恋してくれますか-2
…先生は、なんて答えるんだろ?
私が息を吸うと同時に、先生のため息が微かに聞こえた。
「用がないなら帰って課題プリントを…」
「だーかーら、センセに会いに来たってゆってんじゃん。」
先生の言葉をあっさり打ち消す『由佳ちゃん』の声。
神経質そうに眉根を寄せる先生の表情が、目に浮かぶ。
「そういう用は、受け付けかねる。」
「なぁんで?センセのケチ。」
「当たり前だろ、俺はお前の彼氏じゃない。」
"彼氏"という言葉が消化出来ずに頭を回る。
こい、びと?
先生の口から出たその言葉に考え込んでいるうちに、バタバタと音を立てて誰かが部屋から出て来る気配がした。

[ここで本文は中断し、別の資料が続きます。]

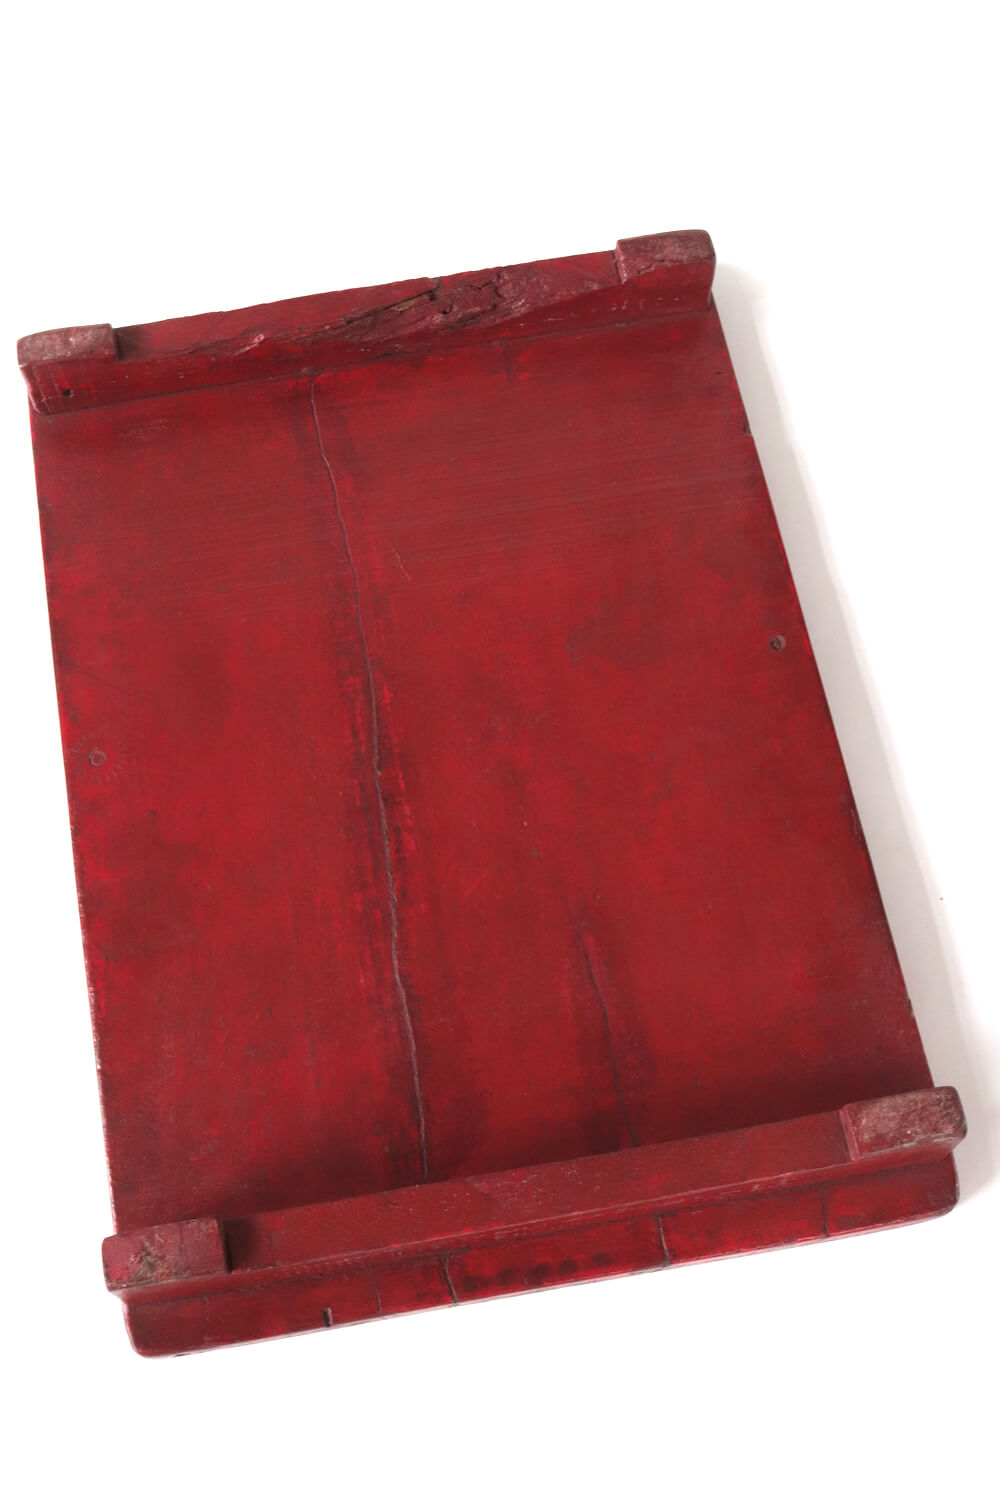 Holztablett antik rot 54x37

私が慌てて体を小さく丸めると同時に『由佳ちゃん』が準備室から出てきた。
「べーっだ!センセの頭でっかち。」
「俺は頭でっかちでいいから、宿題くらいはやっとけよ。」
続けて先生が出てきて、私は更に体を固くする。
先生の室内履きを身につけた足元が、私のすぐ横に来る。
「しーらないっ、じゃあね〜。」
風のように去っていく『由佳ちゃん』に、私もつい息を吐く。
「それで隠れてるつもりなのか、畑本。」
突然私に向けられた声に驚いて振り返ると、先程まで足だけだった先生は、しゃがみ込んで私を呆れたように見ていた。
「あ、先生。」
「そんな所で何をしてるんだ。」
「あー…あの、えと、」
頭を必死に回転させる。
「じ、地震の防災訓練を、しようと思って。」
いつも頭の回らない私にしては上手い答えだと満足したのは自分だけのようで、先生は更に怪訝そうな顔になった。
あれ、またなんか変なこと言っちゃったかな…。
「一人で、か?」
「はい。」
「揺れないのに?」
「それは、その、想像で。」
「例えば?」
た、"例えば"?
私はさっきよりも更に早く思考を巡らせる。